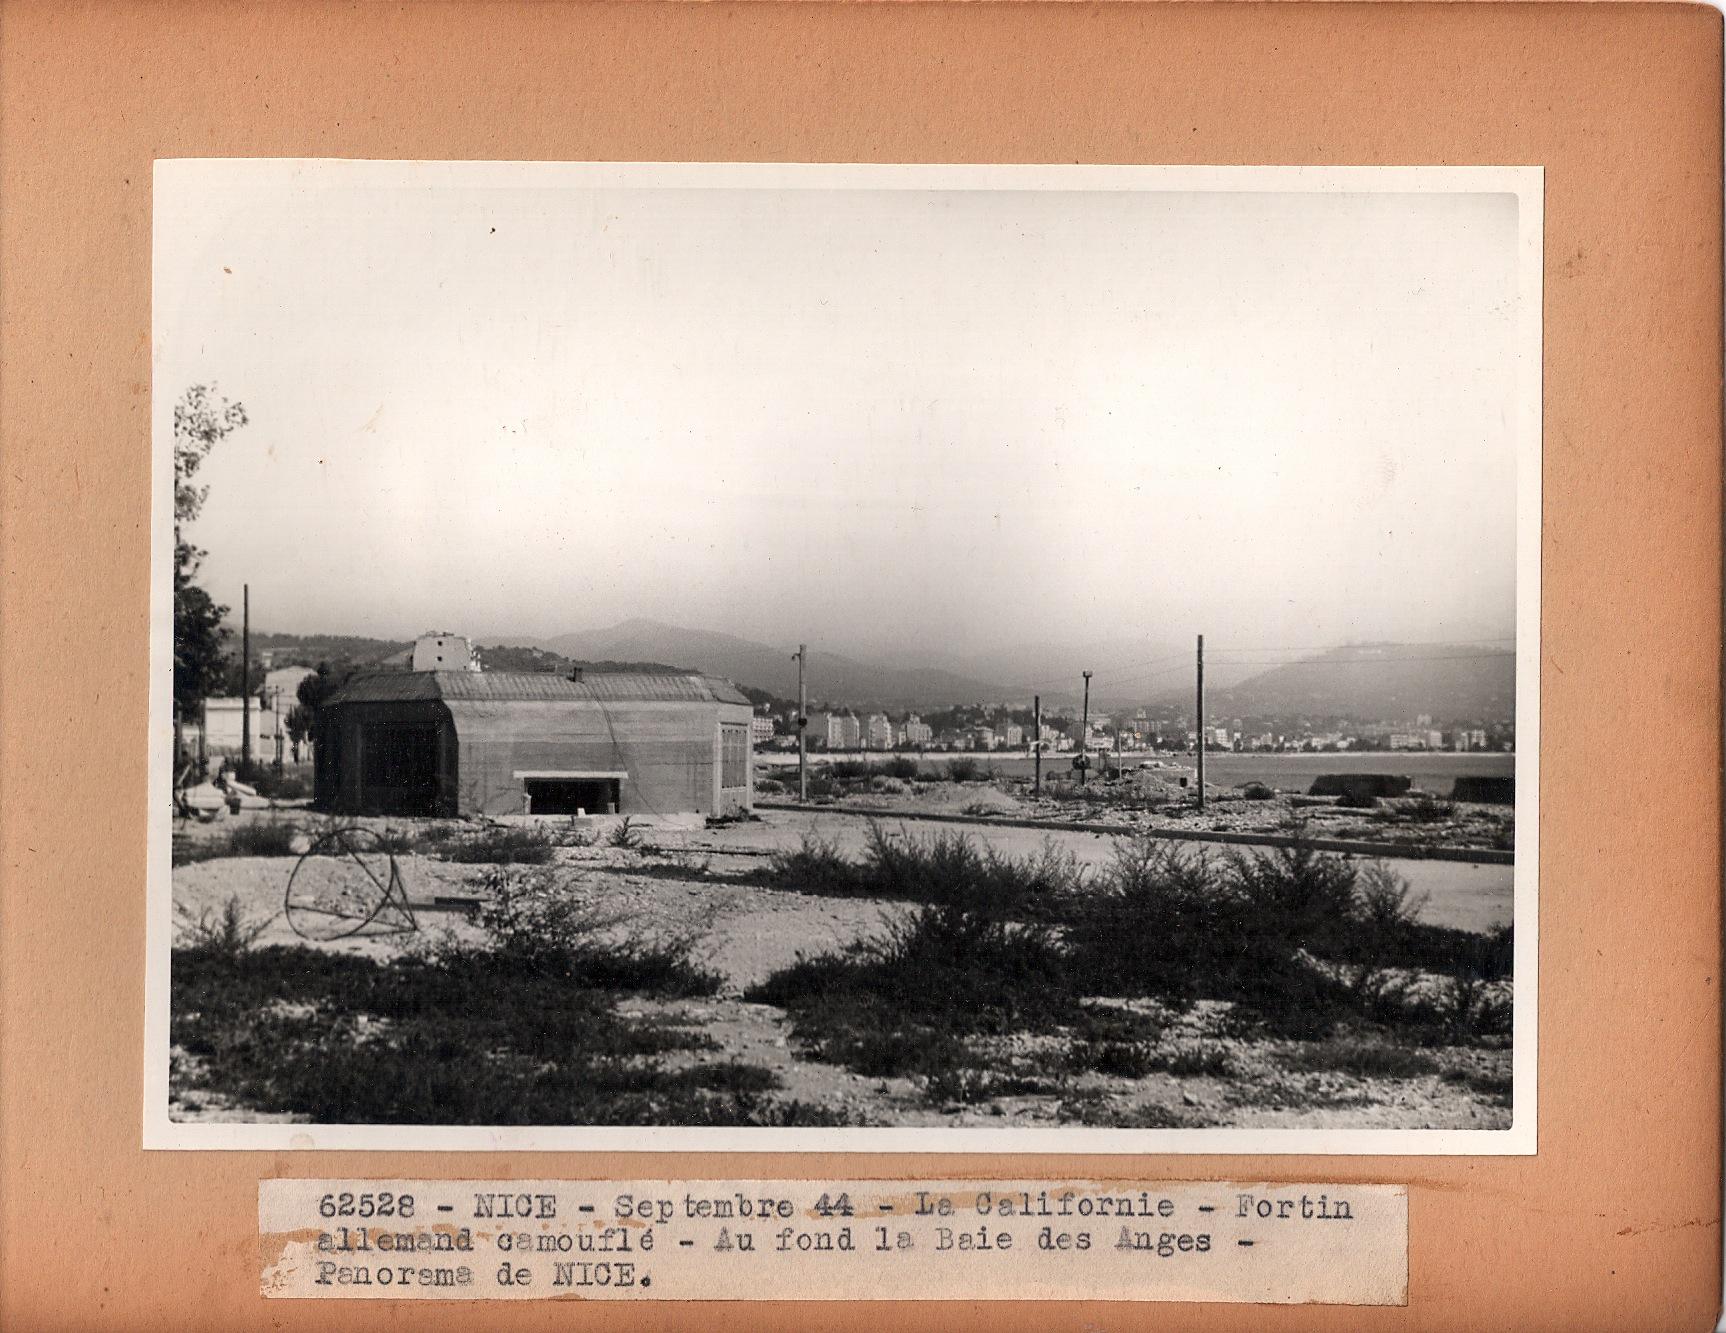 NICE 1944 77
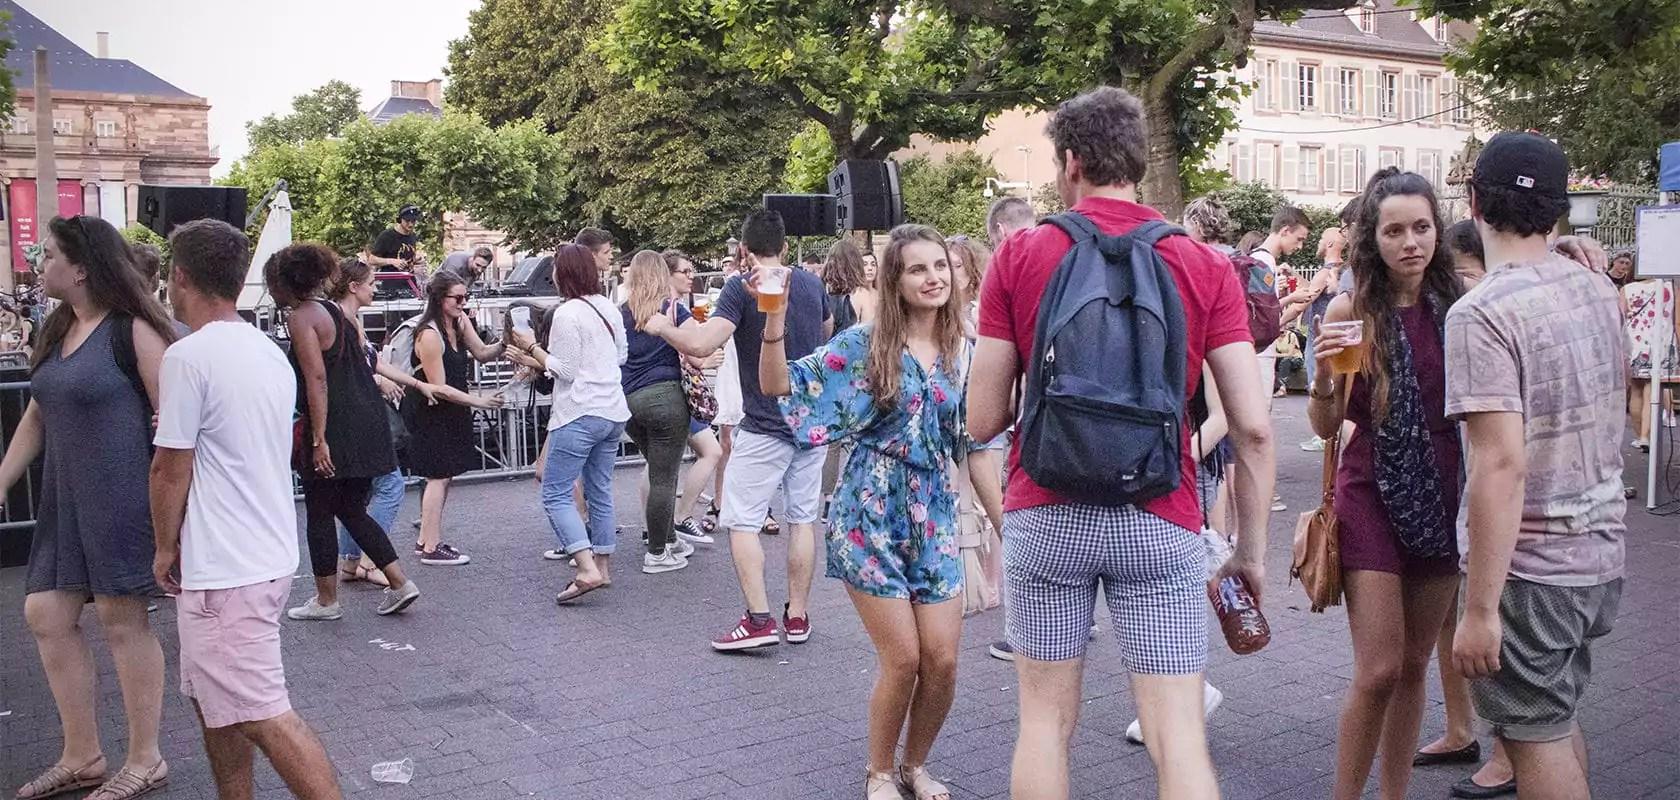 La Fête de la Musique 2017 à Strasbourg, chaleur, frites, rires et des notes…
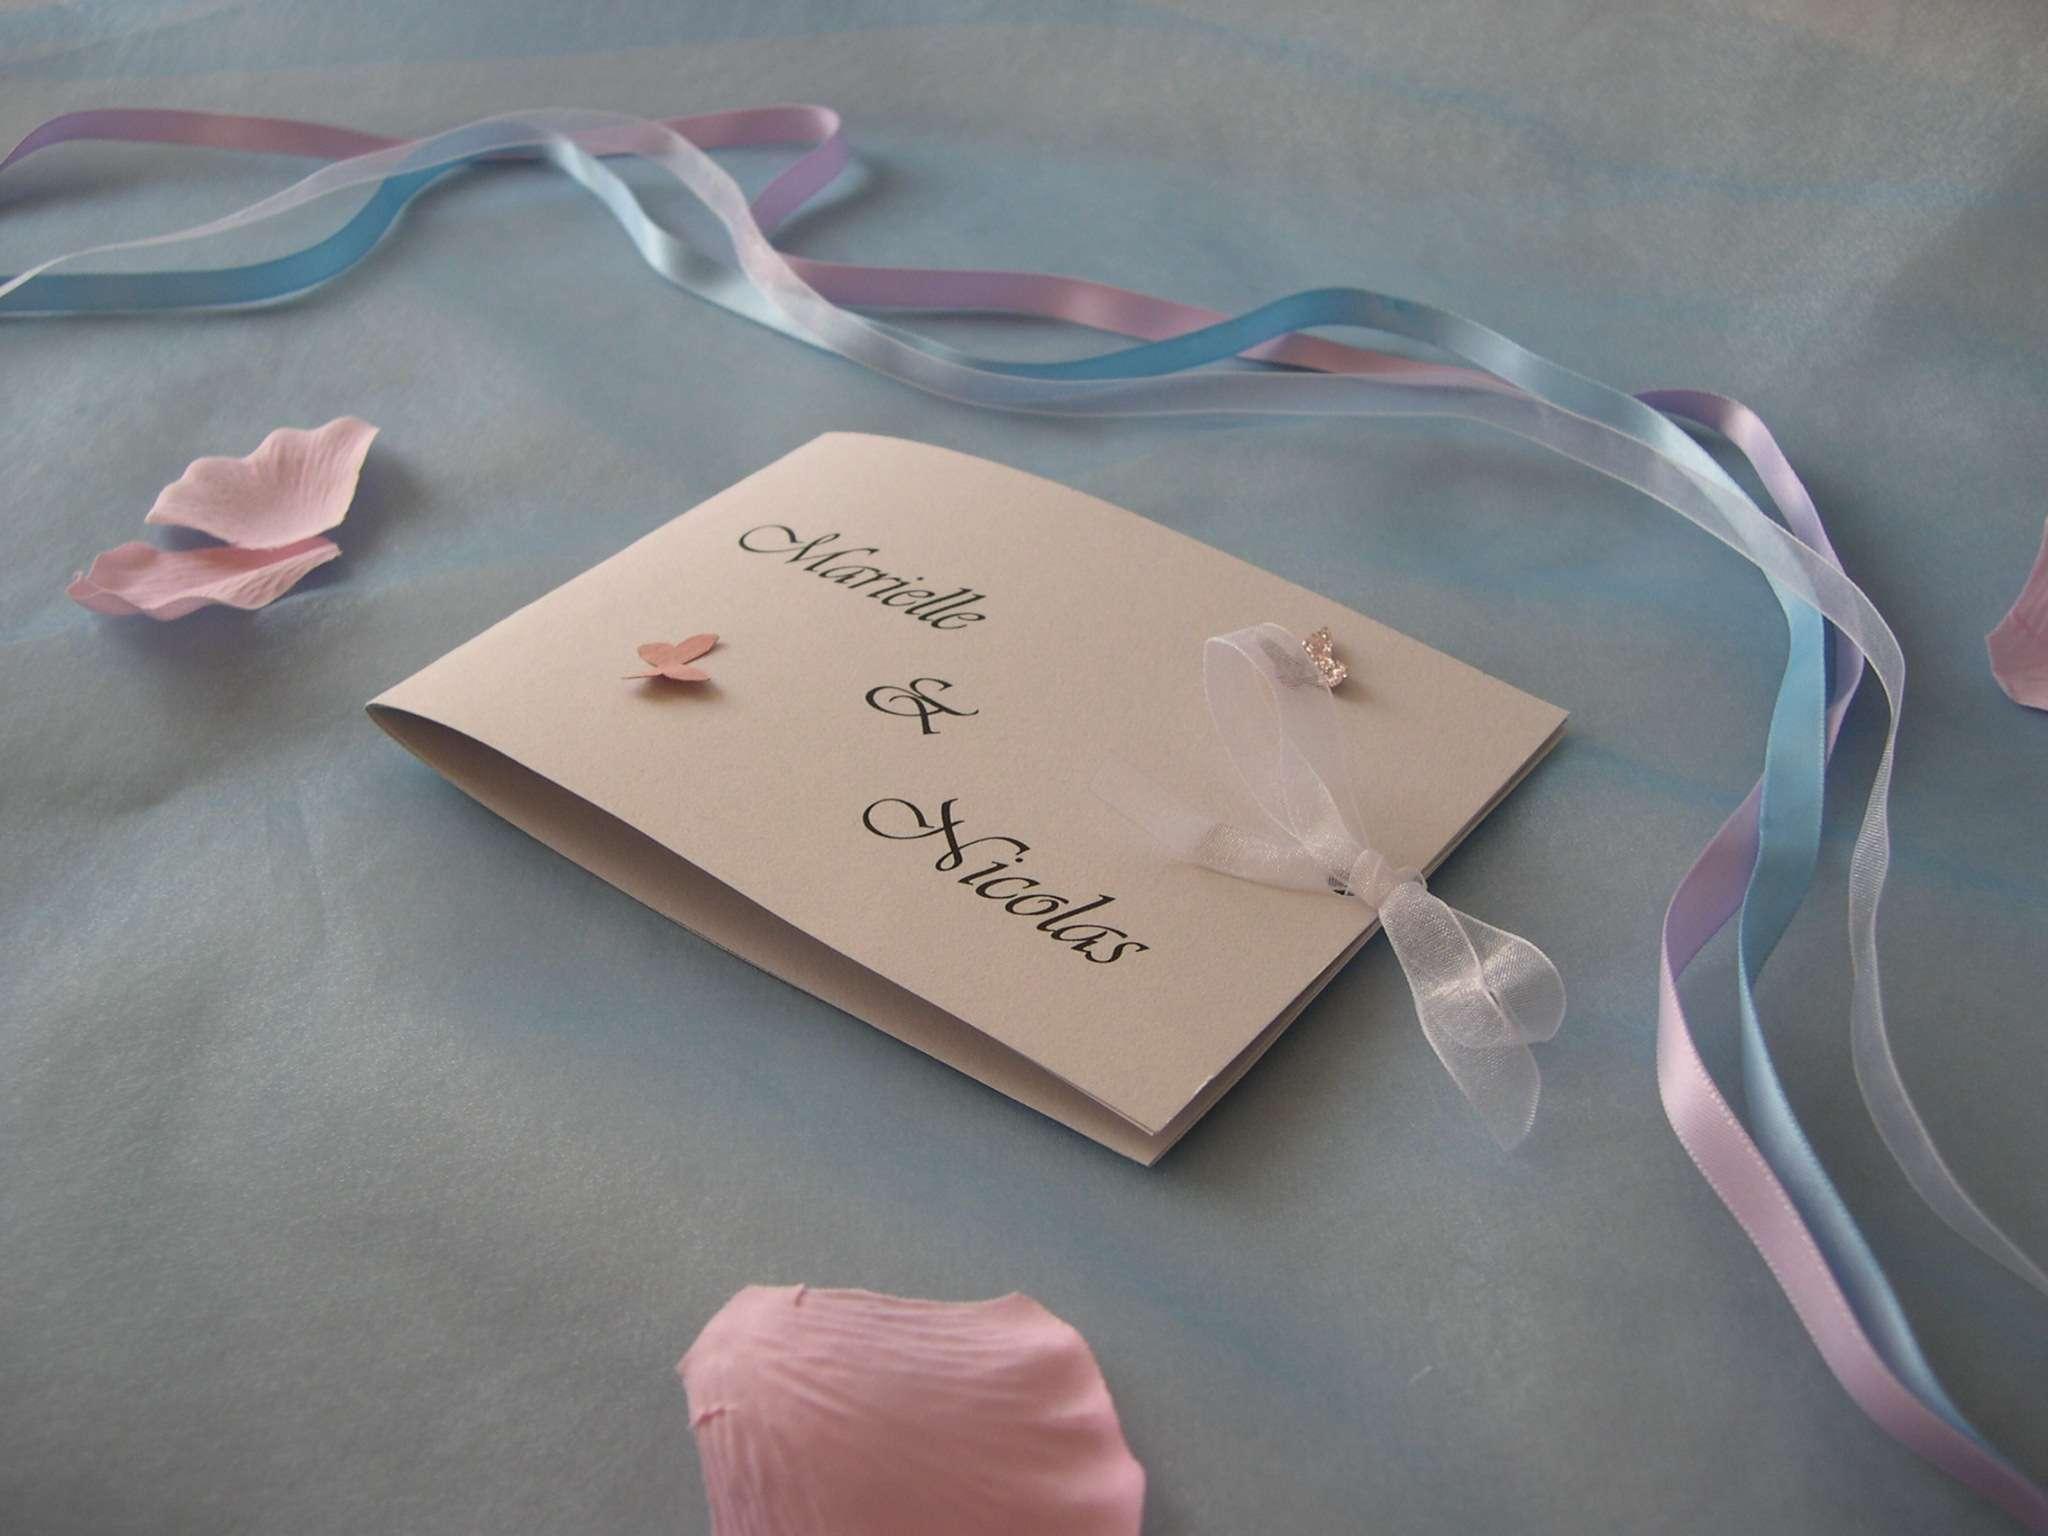 réalisation faire part invitation mariage thème papillons nature champêtre  loisirs créatifs bricolage faire soi même  fleur en relief

## WORK ITEM
Transcribe the data completely. No pictures should appear in the transcription.

## THE COMPLETED TASK
 NICE 1944 77
 La Fête de la Musique 2017 à Strasbourg, chaleur, frites, rires et des notes…
 réalisation faire part invitation mariage thème papillons nature champêtre  loisirs créatifs bricolage faire soi même  fleur en relief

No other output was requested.